I'm stuck in my own wait loop and not really sure why. The function takes an input and output channel, then takes each item in the channel, executes an http.GET for the content and pulls the tag from the html.
The process to GET and scrape is inside a go routine, and I've set up a wait group (innerWait) to be sure that I've processed everything before closing the output channel.
func (fp FeedProducer) getTitles(in <-chan feeds.Item,
out chan<- feeds.Item,
wg *sync.WaitGroup) {
defer wg.Done()
var innerWait sync.WaitGroup
for item := range in {
log.Infof(fp.c, "Incrementing inner WaitGroup.")
innerWait.Add(1)
go func(item feeds.Item) {
defer innerWait.Done()
defer log.Infof(fp.c, "Decriment inner wait group by defer.")

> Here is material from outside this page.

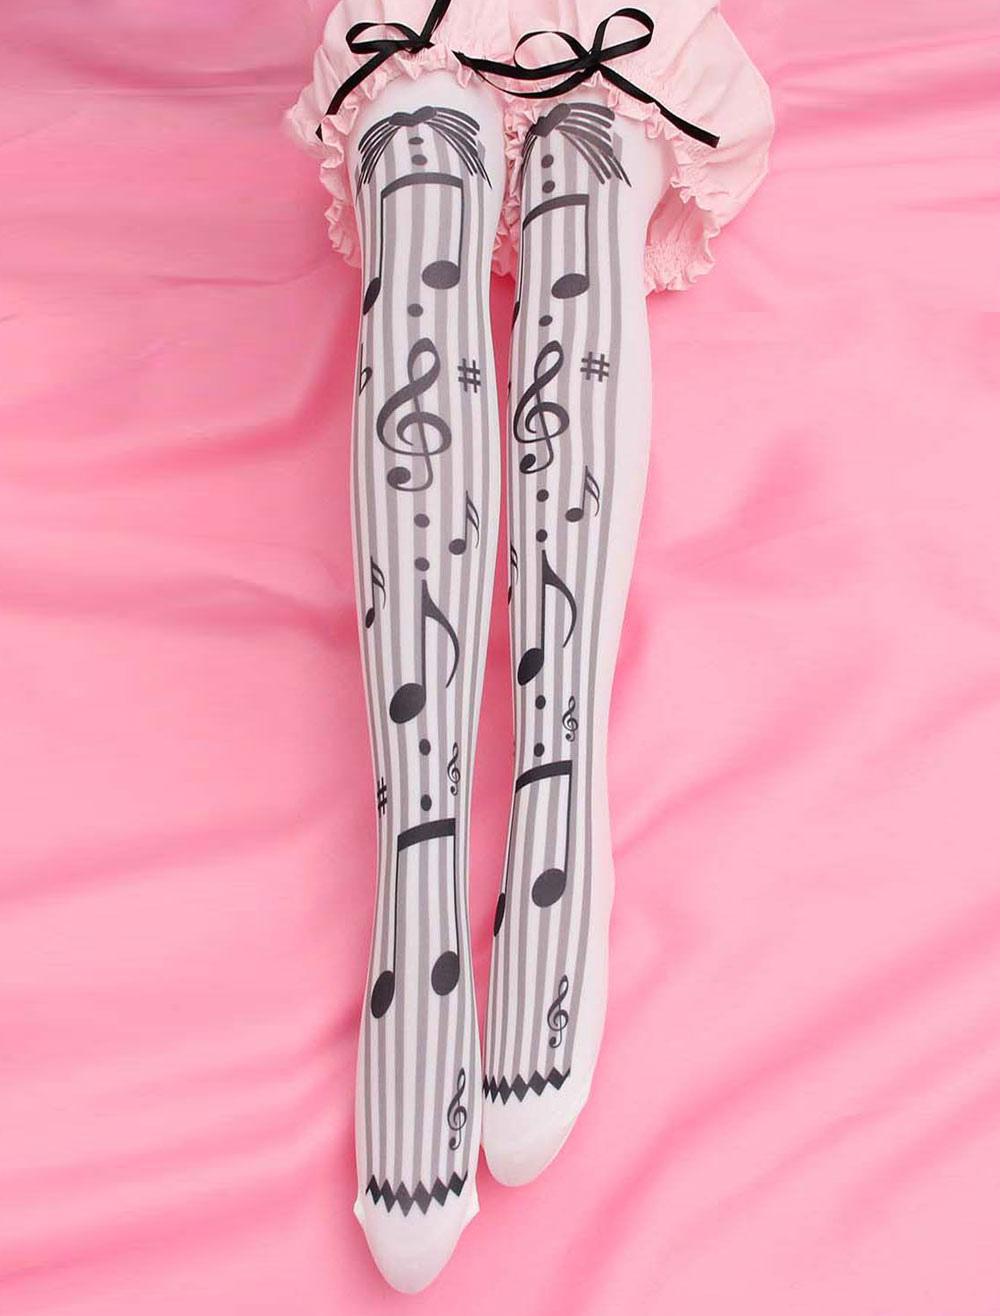 Buy Sweet Lolita Socks Black Music Note Printed Lolita Stocking for $4.99 in Milanoo store

client := urlfetch.Client(fp.c)
resp, err := client.Get(item.Link.Href)
log.Infof(fp.c, "Getting title for: %v", item.Link.Href)
if err != nil {
log.Errorf(fp.c, "Error retriving page. %v", err.Error())
return
}
if strings.ToLower(resp.Header.Get("Content-Type")) == "text/html; charset=utf-8" {
title := fp.scrapeTitle(resp)
item.Title = title
} else {
log.Errorf(fp.c, "Wrong content type. Received: %v from %v", resp.Header.Get("Content-Type"), item.Link.Href)
}
out <- item
}(item)
}
log.Infof(fp.c, "Waiting for title pull wait group.")
innerWait.Wait()
log.Infof(fp.c, "Done waiting for title pull.")
close(out)
}
func (fp FeedProducer) scrapeTitle(request *http.Response) string {
defer request.Body.Close()
tokenizer := html.NewTokenizer(request.Body)
var titleIsNext bool
for {
token := tokenizer.Next()
switch {
case token == html.ErrorToken:
log.Infof(fp.c, "Hit the end of the doc without finding title.")
return ""
case token == html.StartTagToken:
tag := tokenizer.Token()
isTitle := tag.Data == "title"
if isTitle {
titleIsNext = true
}
case titleIsNext && token == html.TextToken:
title := tokenizer.Token().Data
log.Infof(fp.c, "Pulled title: %v", title)
return title
}
}
}
Log content looks like this:
2015/08/09 22:02:10 INFO: Revived query parameter: golang
2015/08/09 22:02:10 INFO: Getting active tweets from the last 7 days.
2015/08/09 22:02:10 INFO: Incrementing inner WaitGroup.
2015/08/09 22:02:10 INFO: Incrementing inner WaitGroup.
2015/08/09 22:02:10 INFO: Incrementing inner WaitGroup.
2015/08/09 22:02:10 INFO: Incrementing inner WaitGroup.
2015/08/09 22:02:10 INFO: Incrementing inner WaitGroup.
2015/08/09 22:02:10 INFO: Incrementing inner WaitGroup.
2015/08/09 22:02:10 INFO: Waiting for title pull wait group.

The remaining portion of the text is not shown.